First, through its founder, Felipe Valls, the Cuban who arrived in Miami in 1960, aged 25, after the revolutionary government confiscated his family’s various businesses.

Nicole Valls.

And now with the continuity of his son Felipe Valls Jr. and his granddaughter Nicole, who take care of and pamper a traditional family cookbook, a “grandmother’s kitchen”, as they say, always based on the best market products. and the quality of the dishes they offer, such as the Palmilla (beef steak), the old clothes, the rice with chicken, the Galician broth or the pork dumplings.

The Valls family wanted to celebrate these five decades of Cuban culture and cuisine with clients, family, and friends who during this time have been linked to Versailles, a mandatory stop on Calle Ocho, in the Little Havana neighborhood.

While the special tent installed outside the restaurant is filling up with guests, the entrance to the premises is an agglomeration of diners waiting for them to say their name into the microphone.

A LITTLE PIECE OF CUBA

One of the people who wait patiently at the door for her turn is the Cuban Eida Artigas, a parishioner of Versailles since the year it was founded, in 1971, a bowling enthusiast (beef stuffed with chorizo) that elevates the restaurant to the category of “Cuban icon”.

“It’s a little piece of Cuba and whenever I come I remember my mother,” says Artigas just before going inside.

Just for today, the Valls have recovered the menu from 1971 … with the prices of then, with classic dishes, among others, such as picadillo a la Cubana ($ 1.95), arroz con pollo ($ 2.25), palomilla ($ 3.25) or the special of the day, one of the signature dishes of the house: roast suckling pig with Cuban mojo ($ 2.92).

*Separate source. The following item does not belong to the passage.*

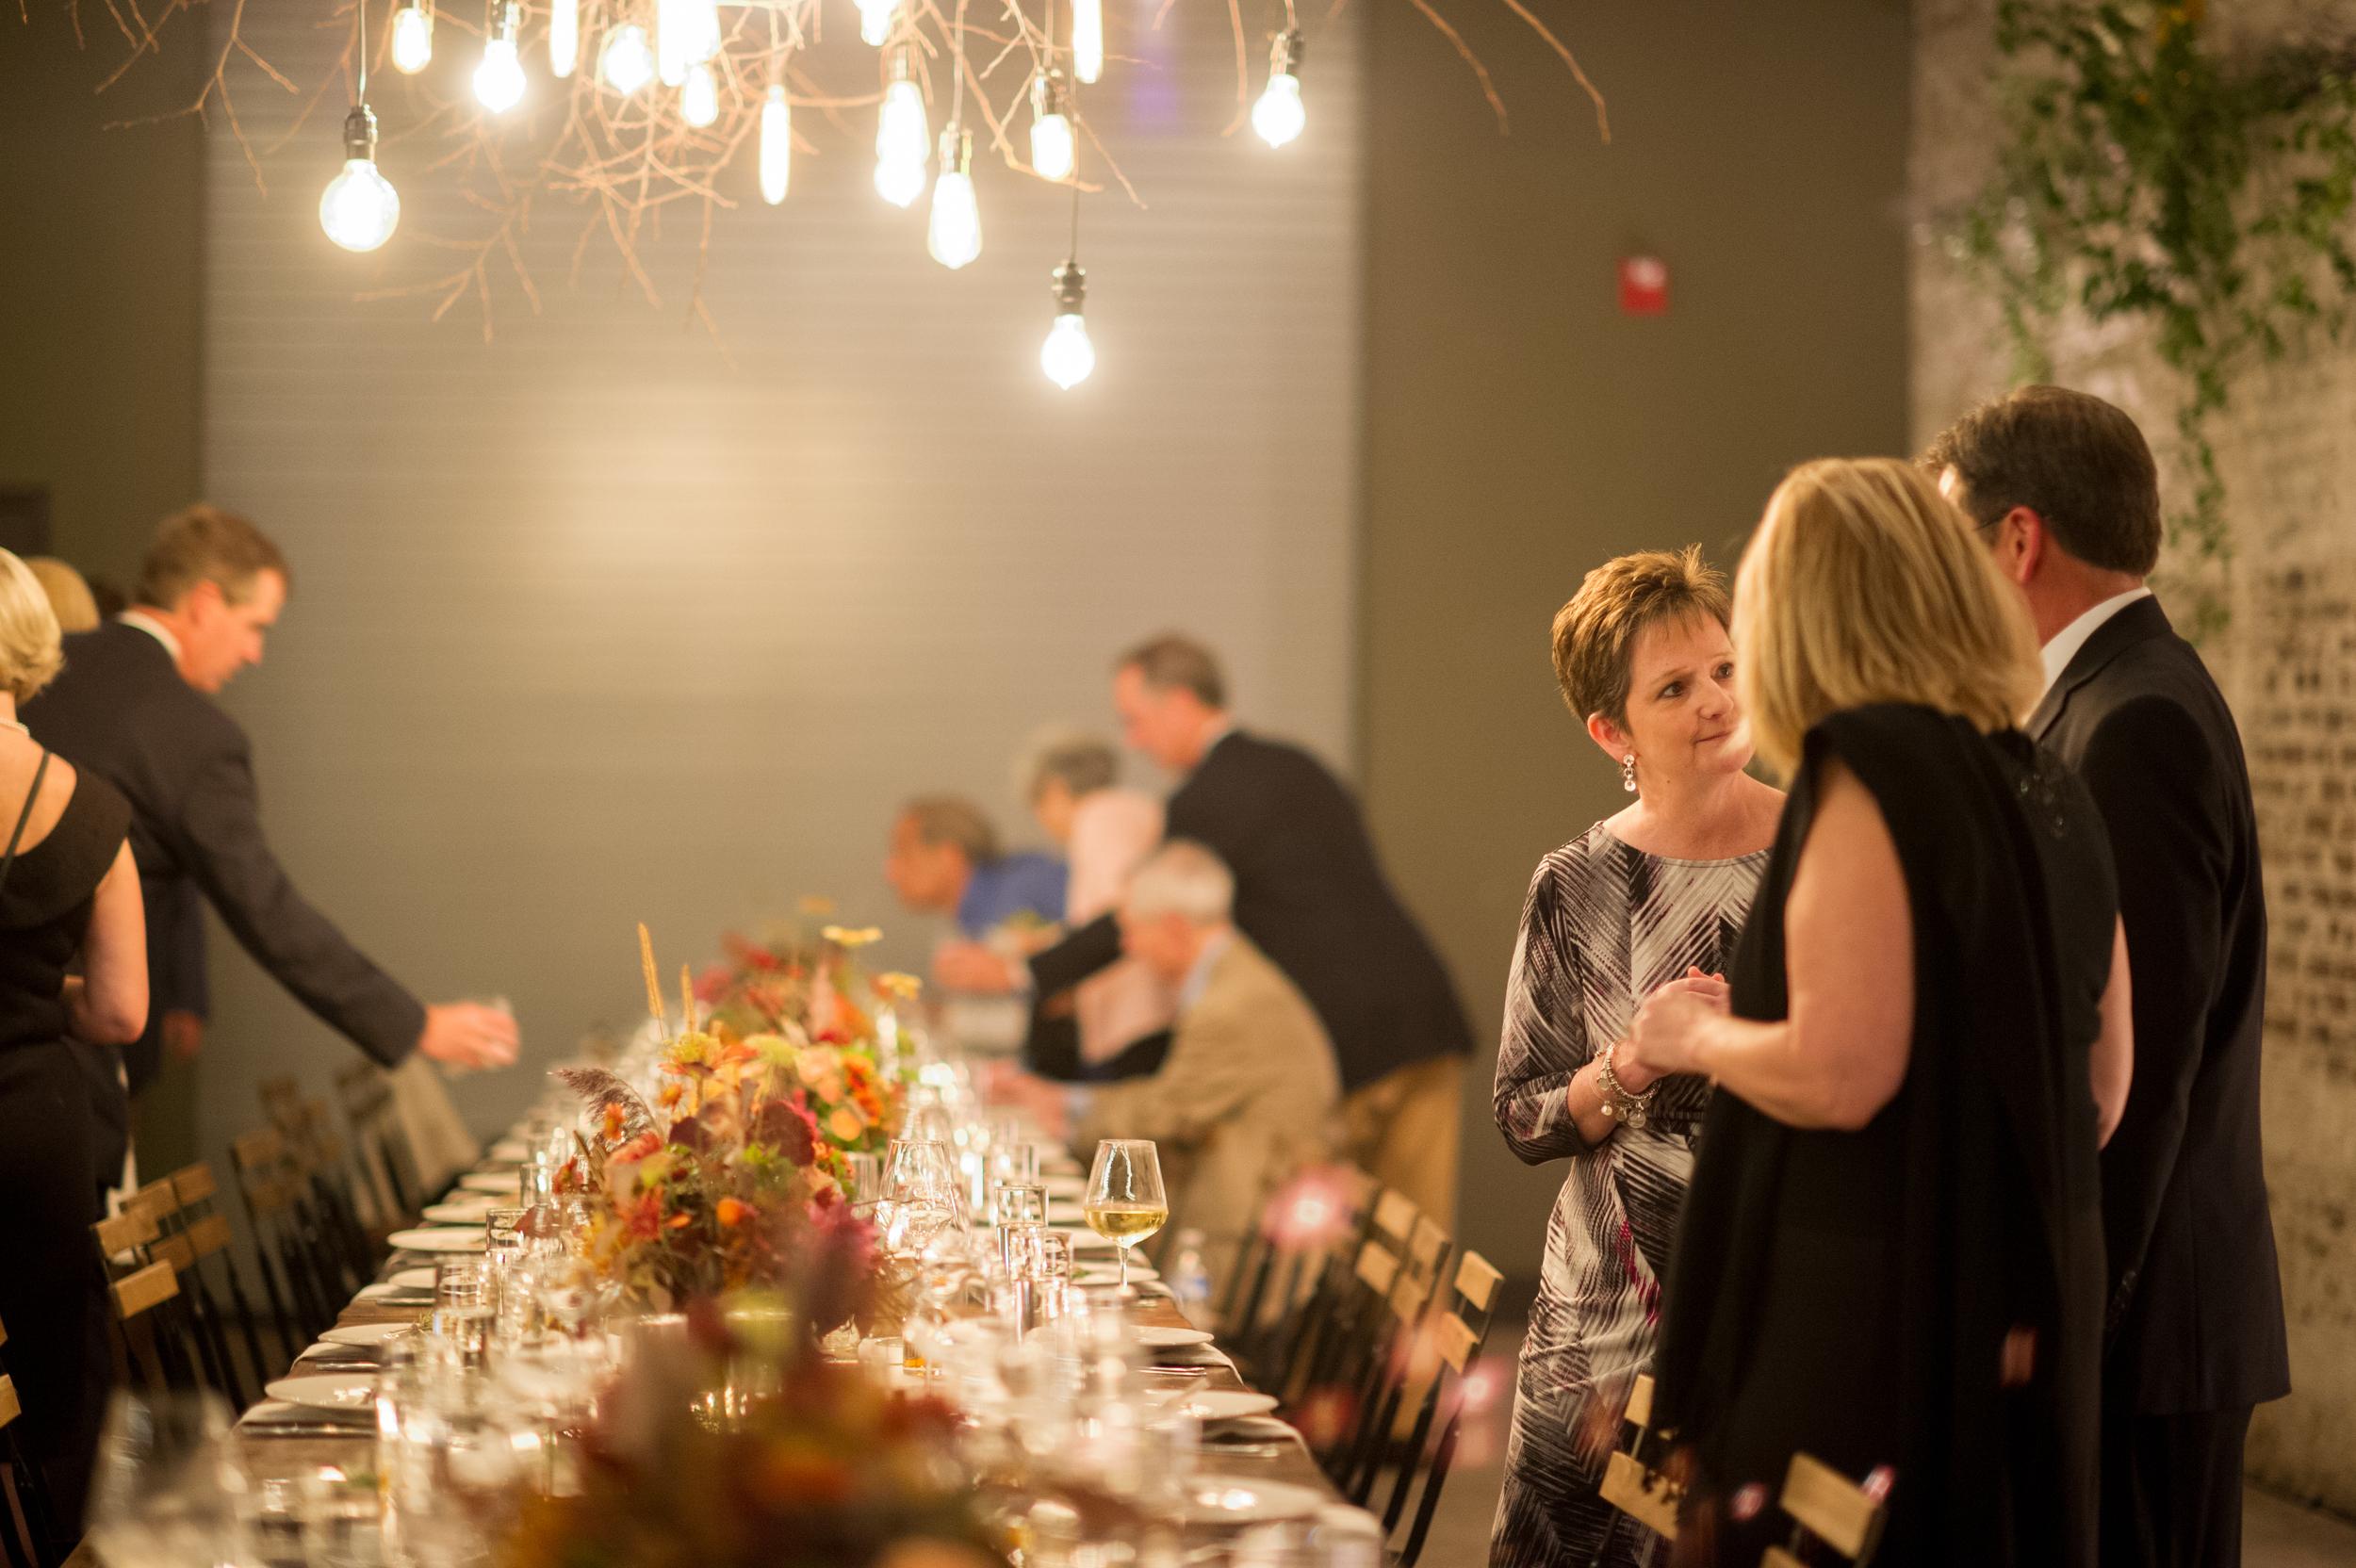 Nelson's Green Brier Distillery - Southern Social - Nashville Wedding Planner

The Versailles is “more than a restaurant, it is a place where freedom is celebrated thanks to a family that has created a place where presidents and electoral candidates come to have their coffee” when they are in Miami, said the mayor of the city, Francis Suárez, re-elected last week for a second term.

And it is that today the Versailles is a mandatory visit, especially in election time, for politicians who come to savor their cut coffee and be seen in the “little window” of the premises, an invention of the founder, Felipe Valls, which today should be Miami-Dade County Cultural Heritage.

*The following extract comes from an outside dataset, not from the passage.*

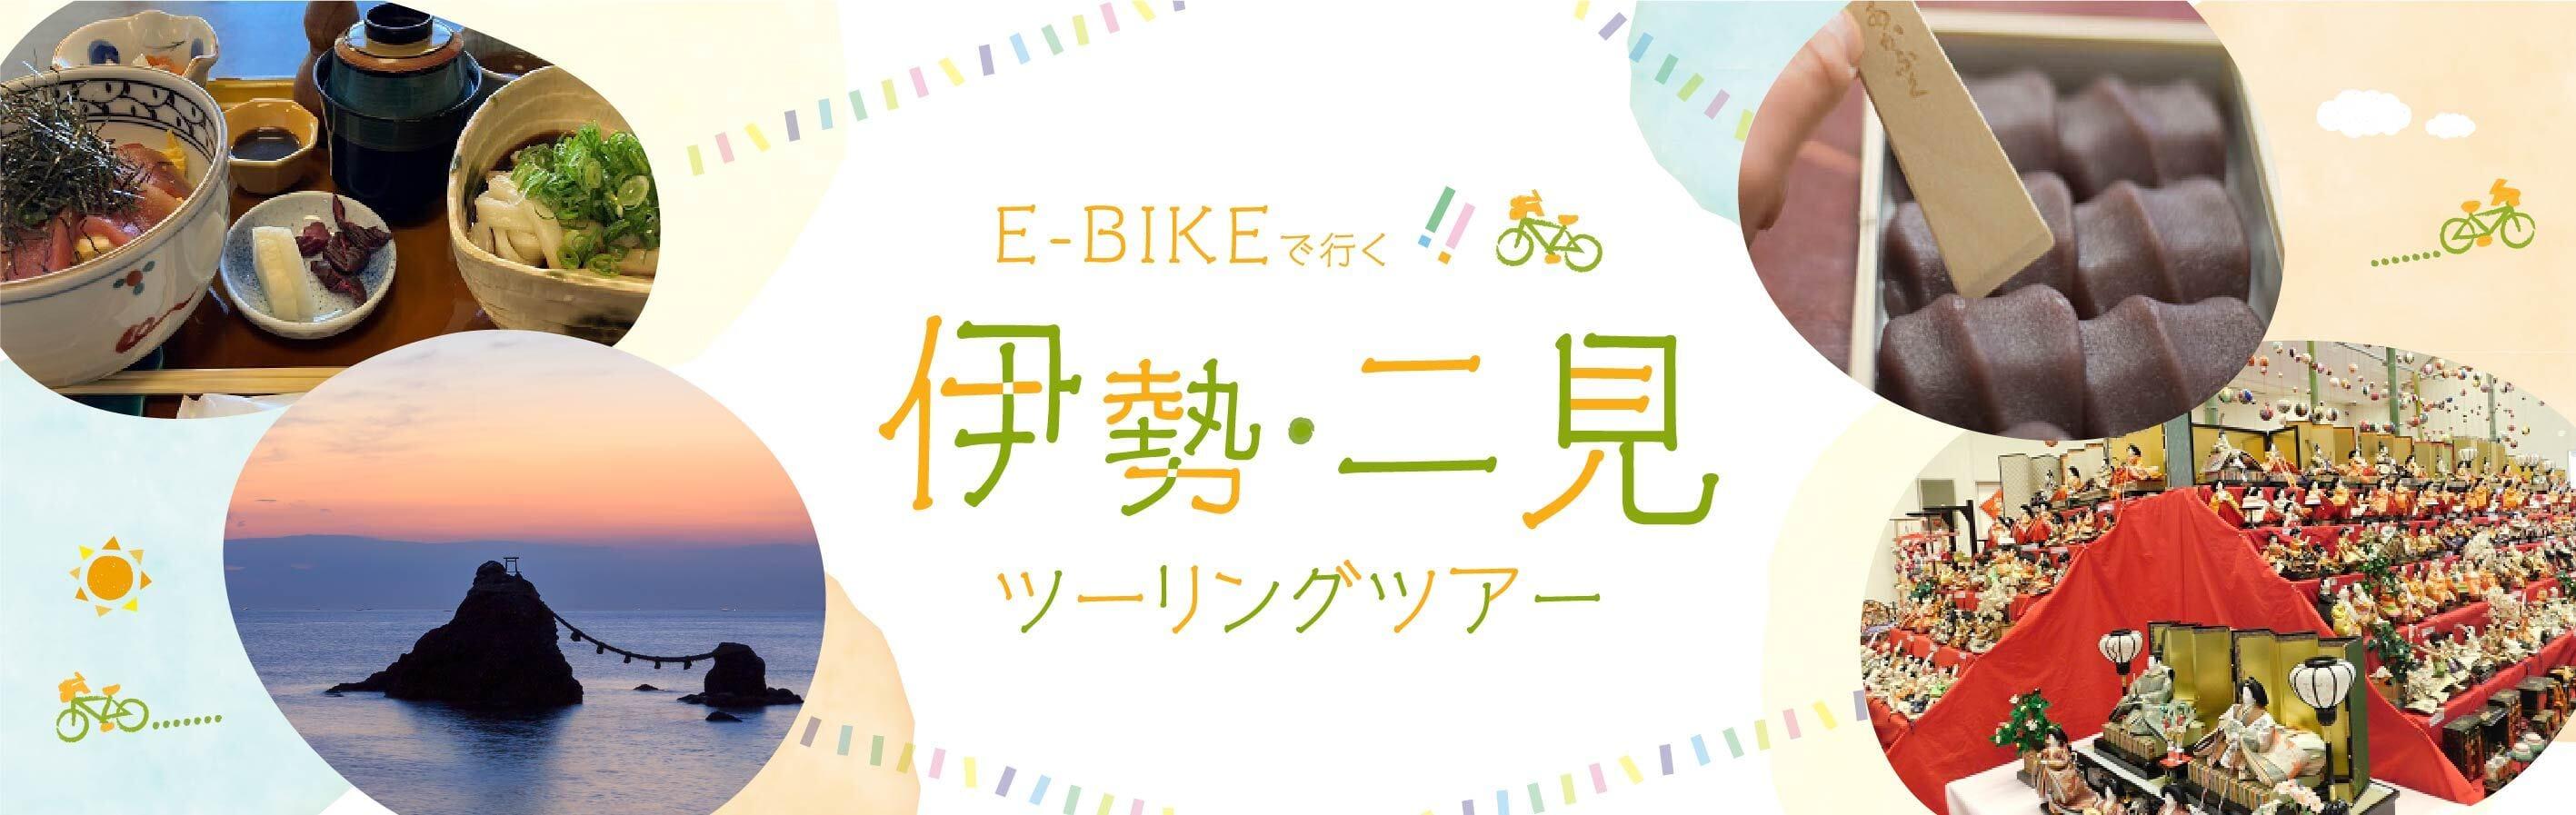 E-BIKEで行く!伊勢・二見ツーリングツアー

For the Republican congressman and former Miami mayor Carlos Giménez, who did not miss the party either, “Versailles is the cultural center and of Cuban exile for years and years.”

“When something happens in Cuba we come here. It is a part of our culture and history (…) When the night ends and you want a coffee with milk with toast or bread with suckling pig, you come to Versailles. see, you come here, “he declares.

While the party continues under the outdoor tent with live music, appetizing pinchos, mojitos, and photocall, in the restaurant rooms there is not a free table.

A SECOND HOUSE

“For us, it is our second home. We come every Tuesday and Thursday, we will celebrate all anniversaries and eat meat with potatoes and chicken salad,” says Cuban Waldo Puig, for whom Versailles is “a flag.”

“There is no richer food than this”, sentenced from a neighboring table José Vélez, a 69-year-old Puerto Rican, very identified “with the cause of the freedom of Cubans.”

The history and daily life of the Cuban community in Miami would be inconceivable without this familiar restaurant with forceful popular cuisine and abundant servings that cement its success, as Nicole Valls explains, in “always treating the customer well, giving the best product to the best price “and” with work ethic.

A formula that, for sure, guarantees a long and solid future for Versailles: “50 years, nostalgia. Rumba of roast suckling pig with Moor, yucca and passion”, reads a rhyme on the menu.